The period I work on in Umbria,(the end of the fifteenth and the start of the sixteenth centuries), saw a huge amount of money being spent on chapels and altarpieces in town churches. Commissioning documents repeatedly tell us that patrons were looking at what others had commissioned, and requesting that their work be similar, equal to, or ‘better’ in some way, than another. There cannot have been much chance of quiet contemplation in any of these churches at this time. They must have been alive with the sound of frames being hammered into place, of artists shouting at their assistants to bring paints and implements, and the rustle of parchment as notaries itemised the agreement between patron and artist. All these things took place IN the church. The proximity of trade and the Almighty, at a time when God was very much part of every-day life, was unremarkable.
We, the creatures of a secular age, have perversely assumed over-reverent hushed tones that we imagine to be the appropriate demeanour of the believer, as we creep about Italian churches in our quest to glimpse the masterpieces of this frenetic business of art production.
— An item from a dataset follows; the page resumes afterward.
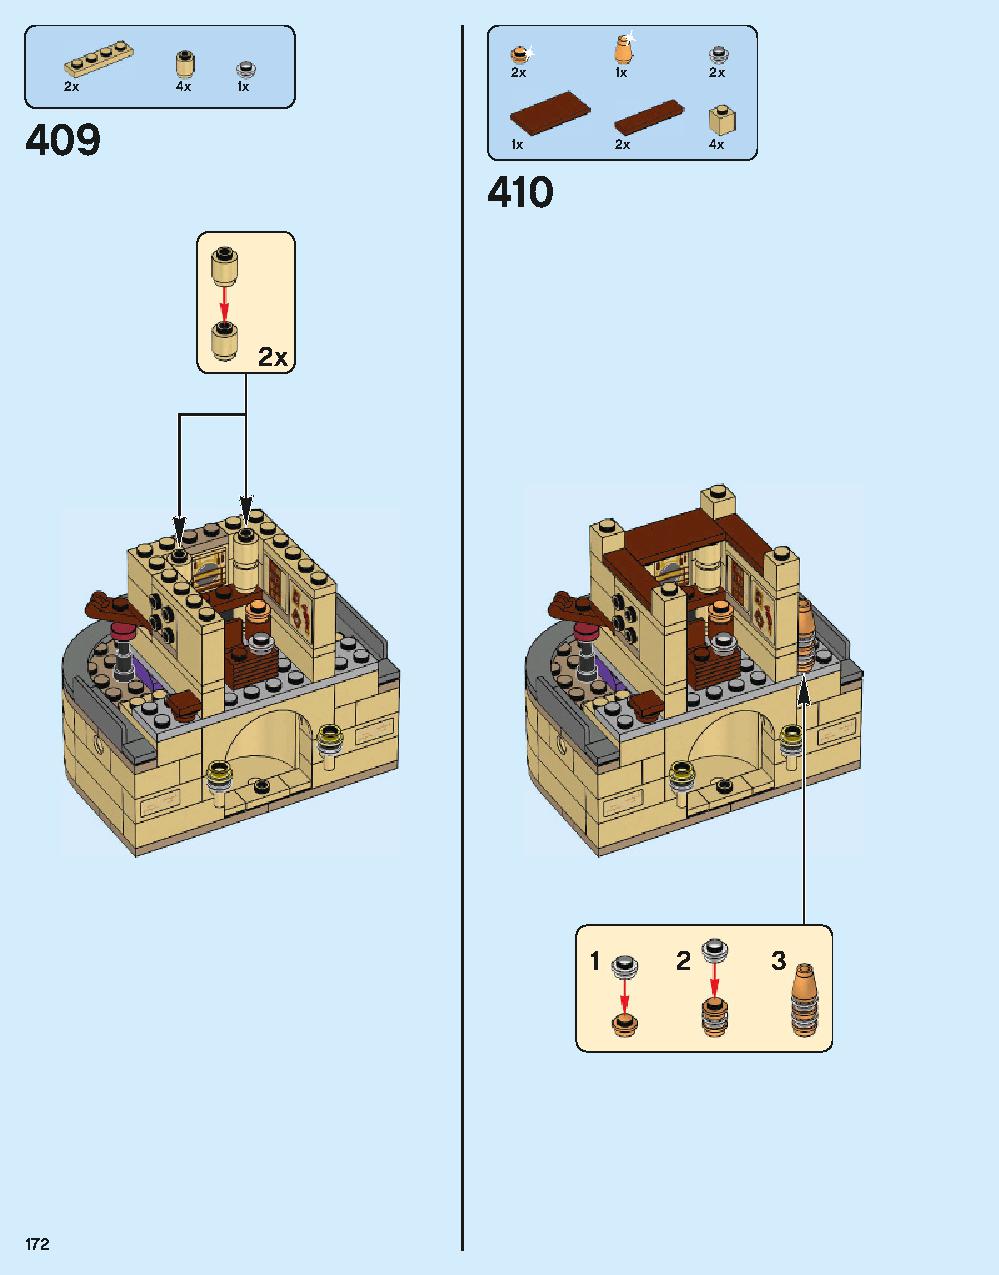 ホグワーツ城 71043 レゴの商品情報 レゴの説明書・組立方法 172 page

Last week I had the luxury of being almost the only tourist visiting the Duomo in Spoleto, in Umbria. The main doors of the church were being revarnished, and so were flung open throughout the chilly, bright, December day.
Inside, three men in brown overalls took noisy measurements for a new lining for the font, while the decorators sang as they varnished. Sunlight flooded into the church and illuminated the Lippi frescos in a way that the ubiquitous horror of the Italian church, the coin-in-the-box-spotlight, never does. For a moment I had a glimpse of what it might have been like to have stood there at the end of the fifteenth century, when this was a place of business; as deals were being struck, careers being made, and as the daily grind of making things went on. Baxandall’s “church-going businessman” felt close by my side.